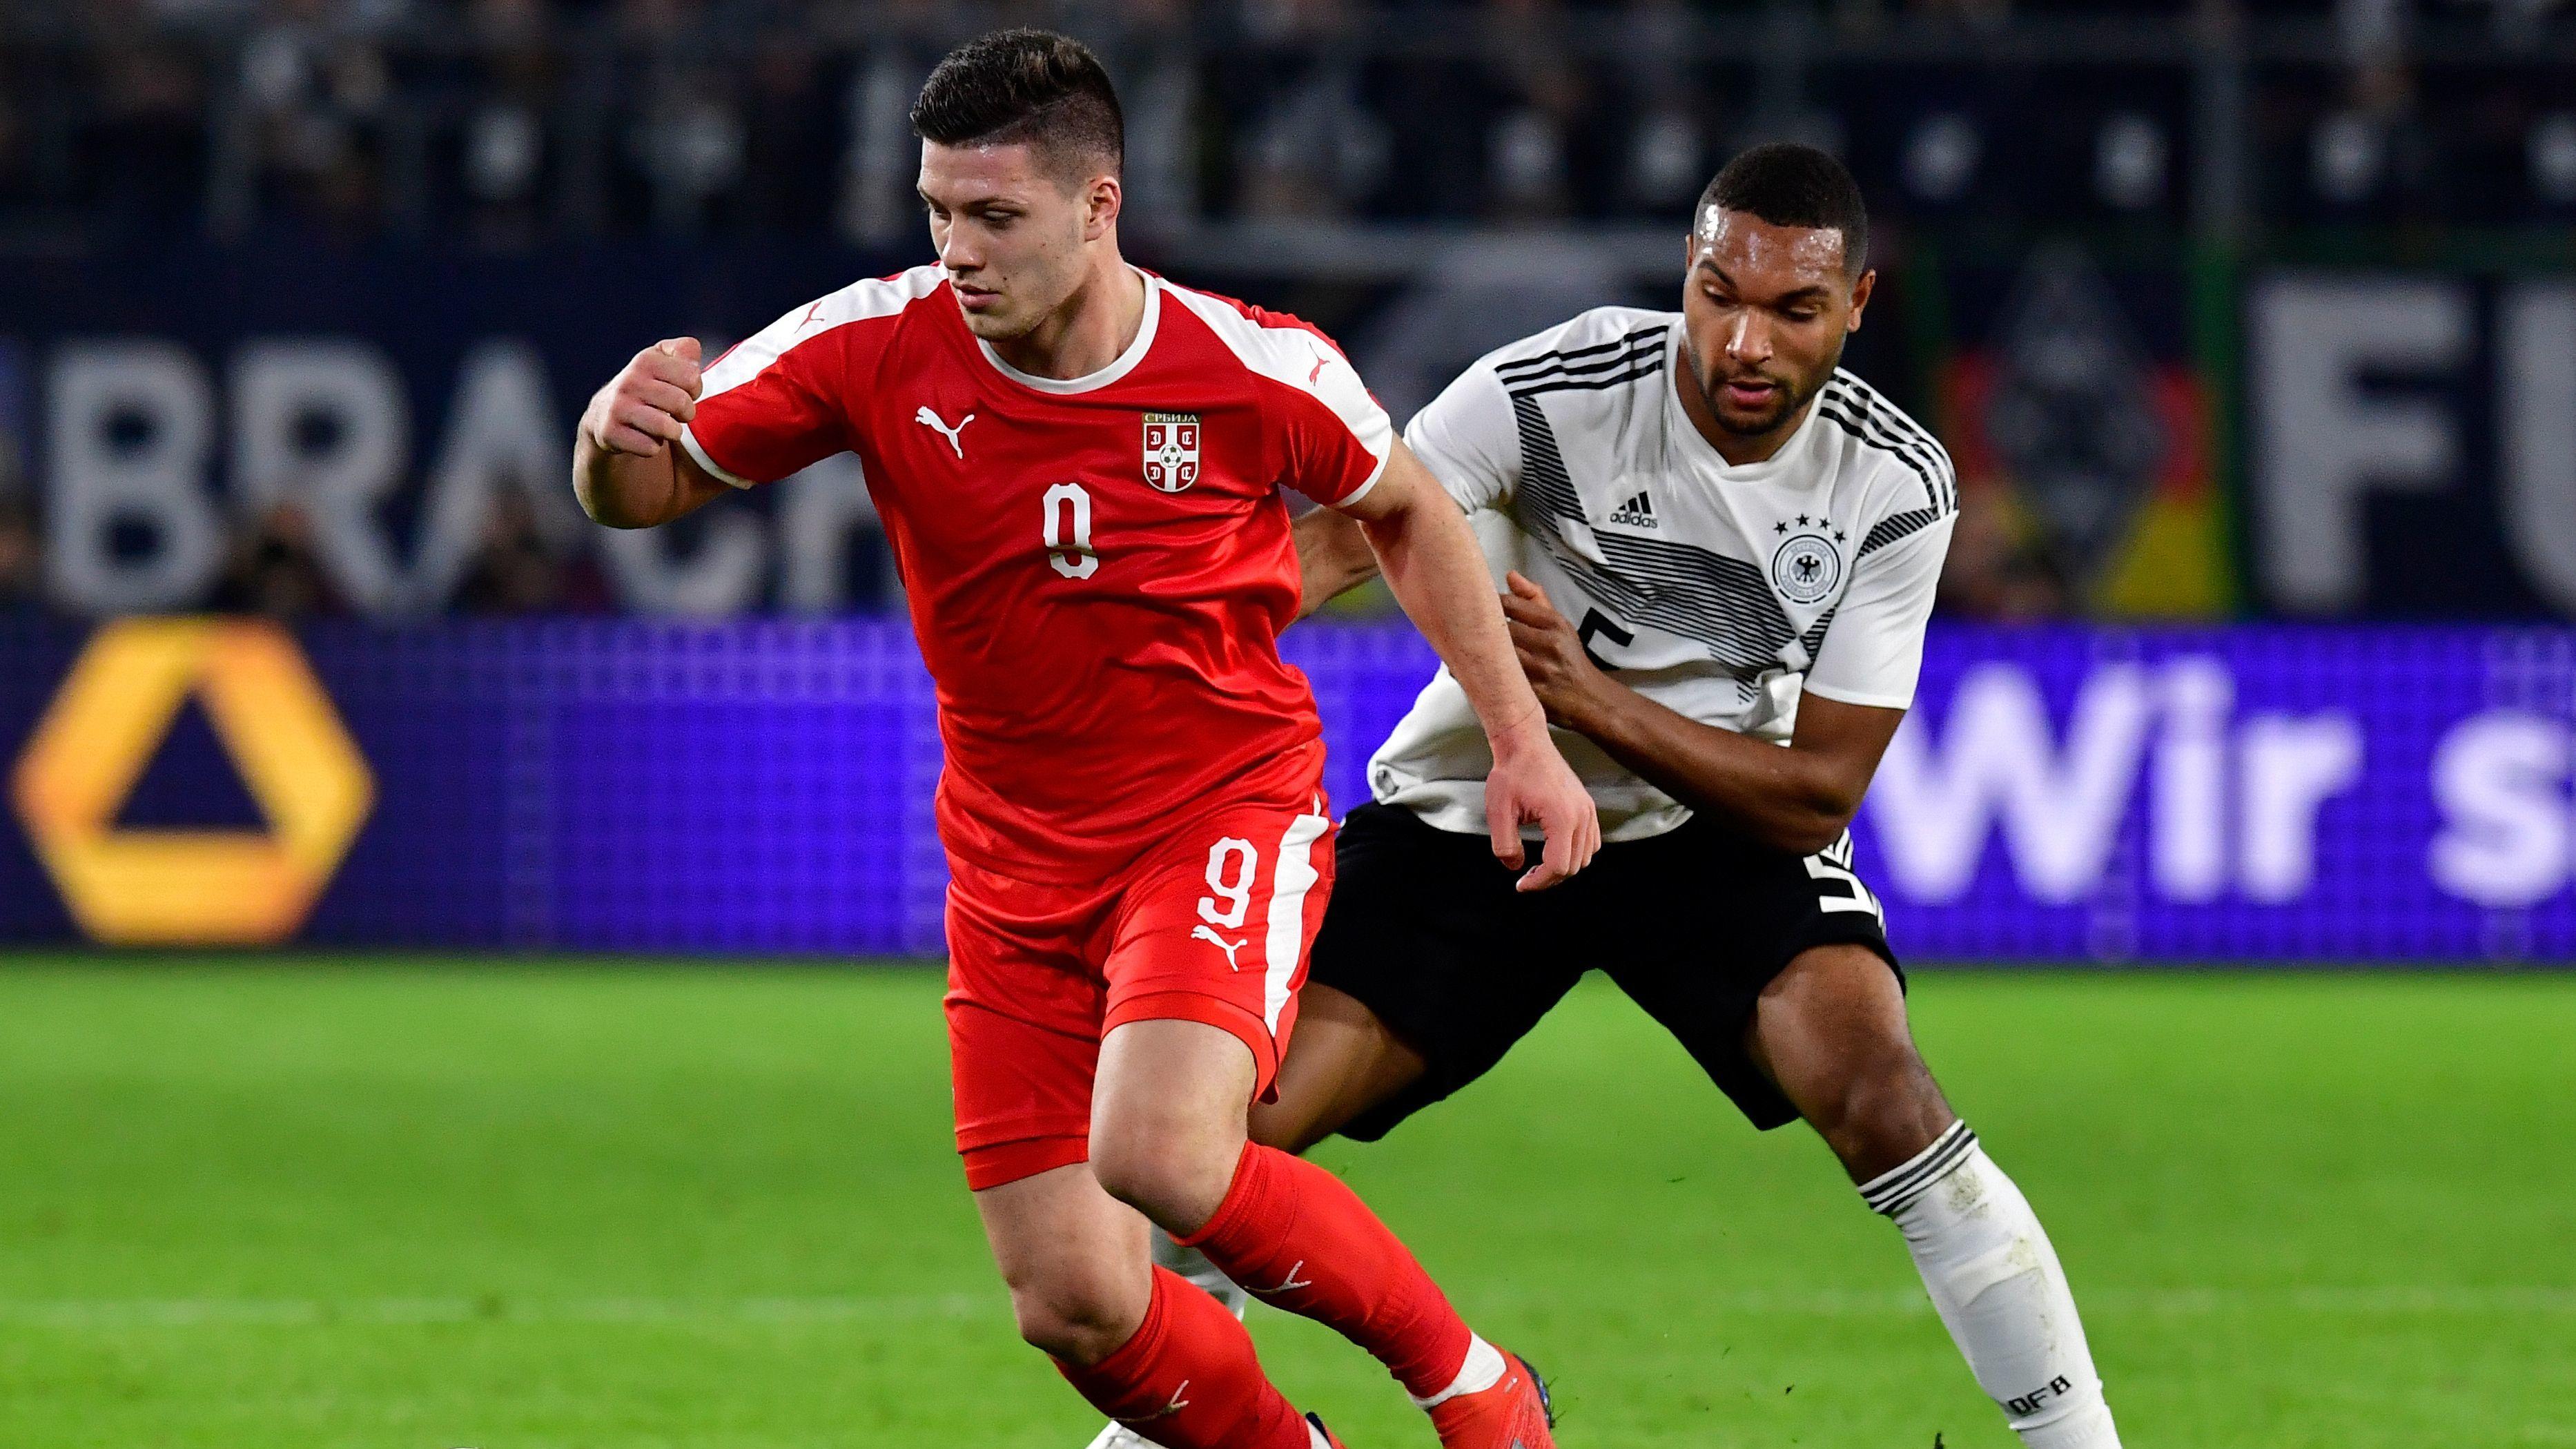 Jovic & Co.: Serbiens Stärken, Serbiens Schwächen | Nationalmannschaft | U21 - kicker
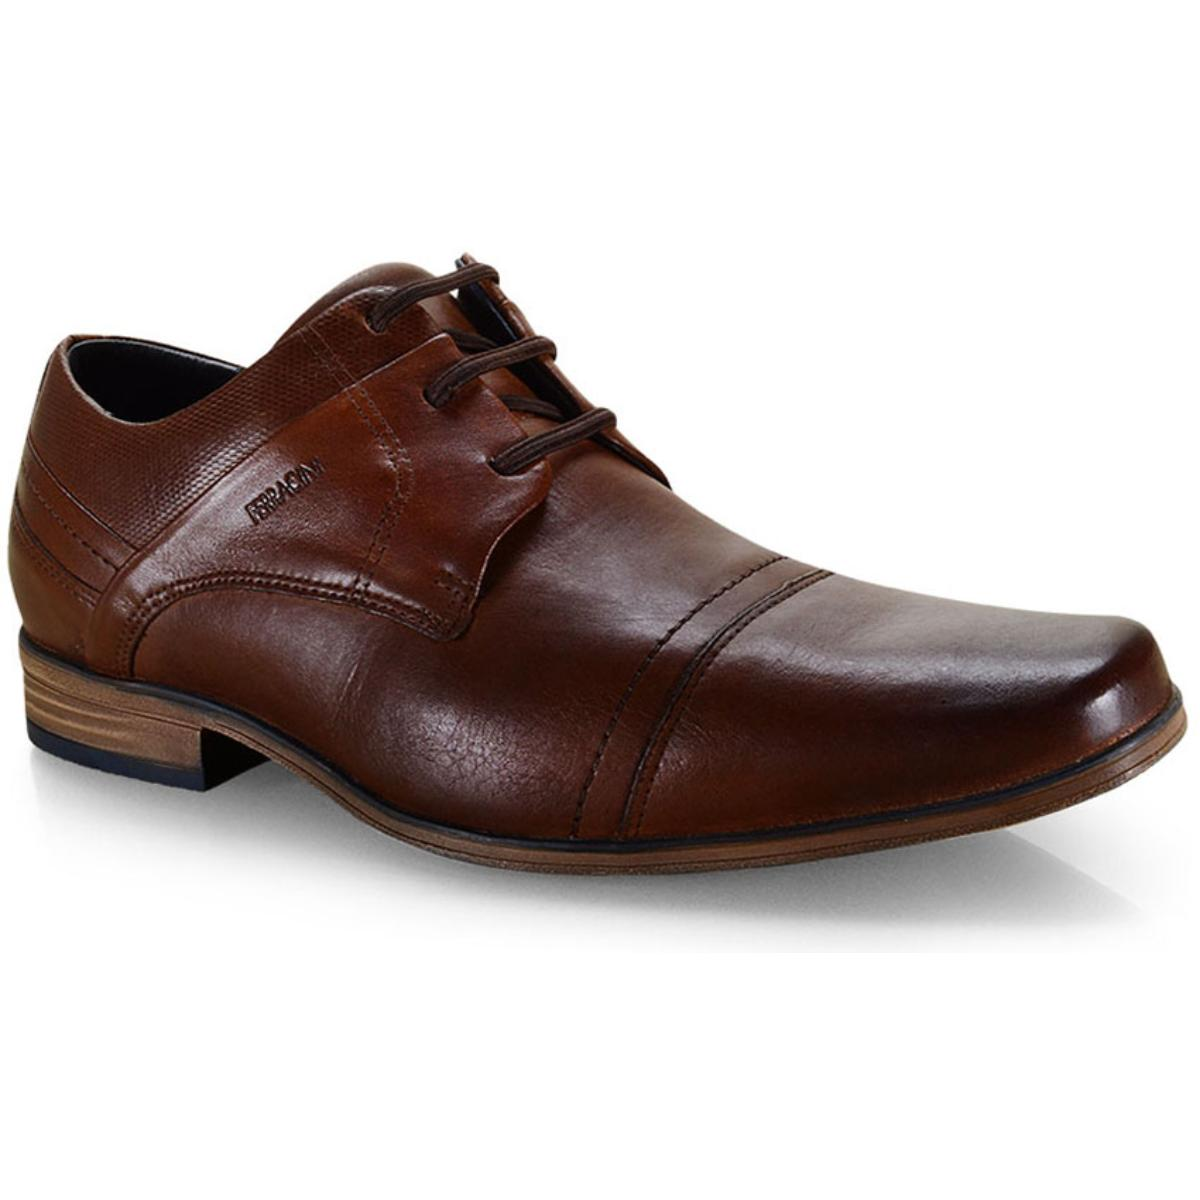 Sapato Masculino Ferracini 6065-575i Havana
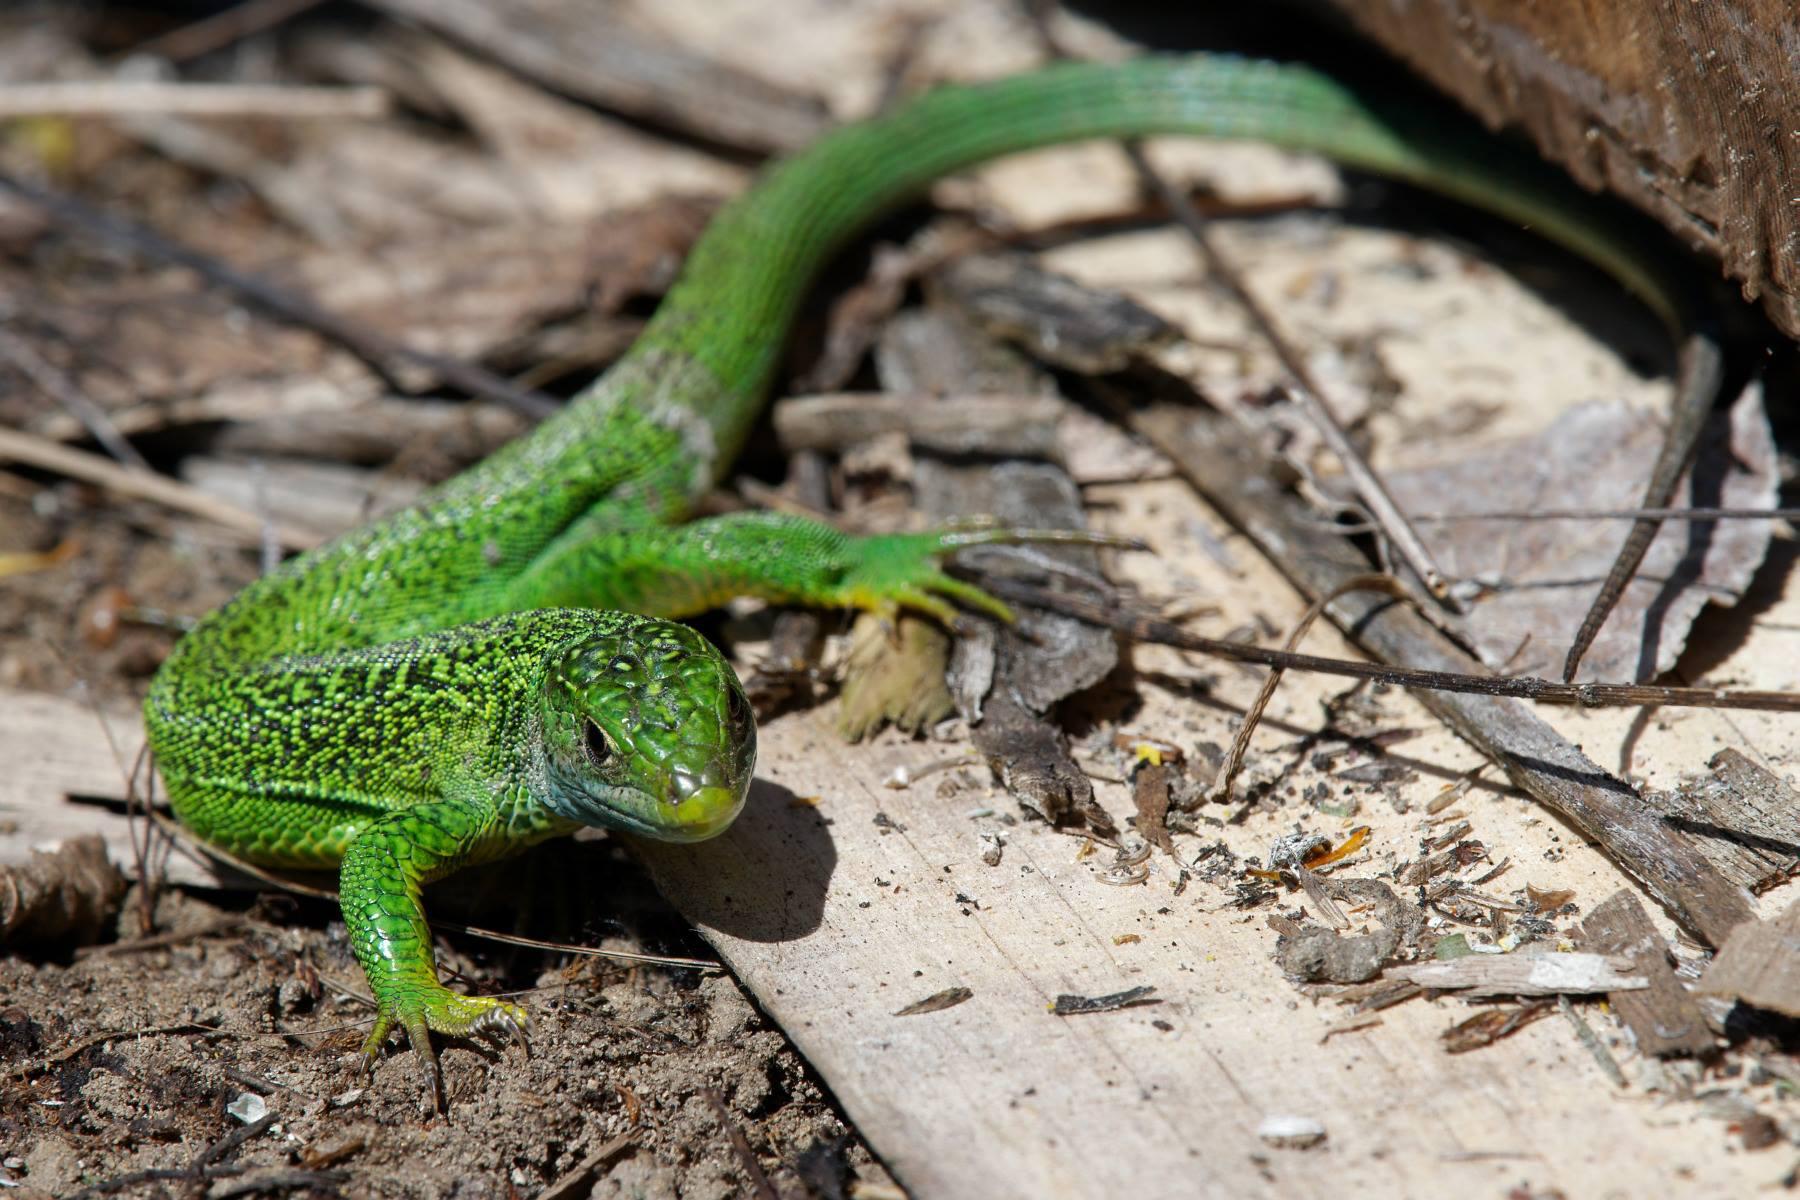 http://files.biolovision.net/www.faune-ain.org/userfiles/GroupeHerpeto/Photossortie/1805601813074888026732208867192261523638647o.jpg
========
Task item — Leave out the pictures, then reproduce exactly the run of lines from the one that contains "Sapato Masculino Ferracini 6065-575i Havana" to the final line of the listing above.

Result of this task —
 Sapato Masculino Ferracini 6065-575i Havana
 http://files.biolovision.net/www.faune-ain.org/userfiles/GroupeHerpeto/Photossortie/1805601813074888026732208867192261523638647o.jpg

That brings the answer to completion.